Budget and visa news bring mixed blessings for UK fintech
A raft of new regulations and measures put in place by the latest Budget and recently launched visa scheme has had a lukewarm reception from UK fintech experts, reports suggest.
While the news from the UK's Chancellor, Rishi Sunak, for 'fast track Global Business Mobility' visas for people with employment offers from British startups, has been welcomed, the 2021 Budget left some industry executives disappointed.
The new visa scheme, which will enable companies looking to employ talent from the EU to no longer seek sponsorship or a third party recommendation, will allow a greater flow of talent into the UK fintech sector.

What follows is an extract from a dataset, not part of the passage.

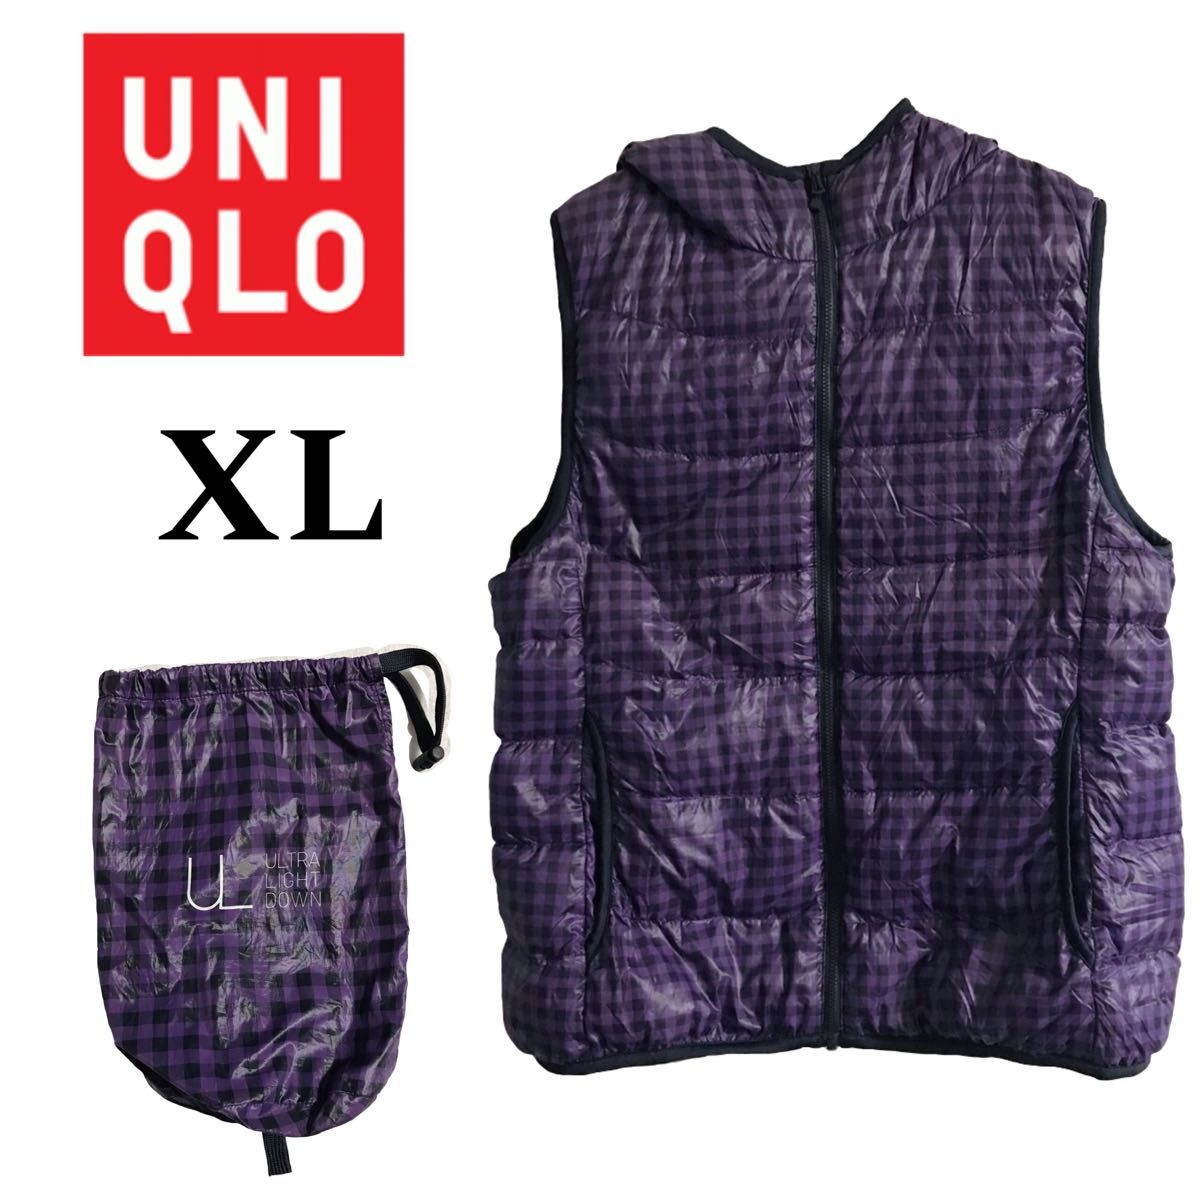 ユニクロ UNIQLO ダウンベスト チェック 紫 フード付き ジップアップ パーカー コンパクトダウン ノースリーブ XL

The move was in line with the recent Kalifa Review, which recommended the British government should open up immigration regulations in light of the fintech industry's continued growth expectations.
Prominent fintech experts have been lobbying since 2016 for a more open approach to hiring fintech talent from overseas as 28% of the UK's fintech workforce are from the EU.
Fintech Budget offerings
Reports show that two key areas in the 2021 Budget, as well as the new visa system, namely loan schemes and funding, could encourage growth in the sector.
The Recovery Loan Scheme will provide loans of between £25,000 to £10m, to assist businesses in their COVID-19 recovery, replacing the Coronavirus Business Interruption and Bounce Back loans.
Fintech lenders including Funding Circle, Starling Bank and OakNorth were accredited to arrange loans under the previous rules, but no announcements have been made regarding the new initiatives. Some experts have expressed concern that fintech will be 'at the back of the queue' under these latest changes, with incumbent banks being favoured.
Funding looks set to improve as the new Future Fund initiative is launched. It is hoped the move will lessen the growth capital gap as £375m in funding will be released for investments in fintech companies that are attempting to raise a minimum of £20m to offset the impact of the pandemic.
In 2020, another Future Fund programme spent £1bn on more than 1,000 technology startups. But the UK still experienced a £15bn growth capital gap that has increased as a result of COVID-19.
Better funding required for fintech
However, while the 2021 Budget revealed some beneficial changes that will impact the fintech industry positively, experts say it does not go far enough in its support of the industry.
According to reports, the gap prevents startups from scaling and it is hoped this years' Future Fund programme will ease the situation, although some commentators believe fintech will require greater funding from private and public sectors to successfully scale their solutions.
Speaking about the budget, Michael Kent, co-founder and Chairman of leading fintech Azimo, one of the founding members of Innovate Finance, said he was satisfied with the changes."Overall this year's budget delivers important measures around talent and capital to ensure the UK can remain competitive with other financial centres post-Brexit.
He continued, “The ultimate goal of many founders is to hit the public markets so the adaptation of the UK's listing regime to be more focused on the needs of fast-growing technology businesses is good news. This year alone nearly 180 Spacs have filed in New York; Frankfurt and Amsterdam both had their first blank-cheque listings but London has seen nothing. Let's hope this starts to redress the balance.”
Kent added, “We also welcome the budget's announcement of a UK visa scheme to help fintech firms attract more mobile global talent following Brexit. Executed well this will assist in widening the pool of digital human capital we need to help rebuild our economy and to help maintain the robustness of our multi-billion pound fintech sector."
However, some experts felt more should have been done to assist fintech growth. Jed Rose, general manager of EMEA at fintech Airwallex, said the Budget should have had an even greater focus on its fintech initiatives. He said that the government's watch and wait approach could be detrimental to the industry, especially in light of the Kalifa Review.
Rose urged the government to act quickly and develop a "unified strategy for the fintech community" to appeal to fast-growth companies, saying, "At a time when Brexit and Covid-19 have drastically altered the business landscape, the UK does not want to lose its position in the market. Fintech should continue to be a driving force for the UK by creating a global hub of quality jobs and financial inclusion."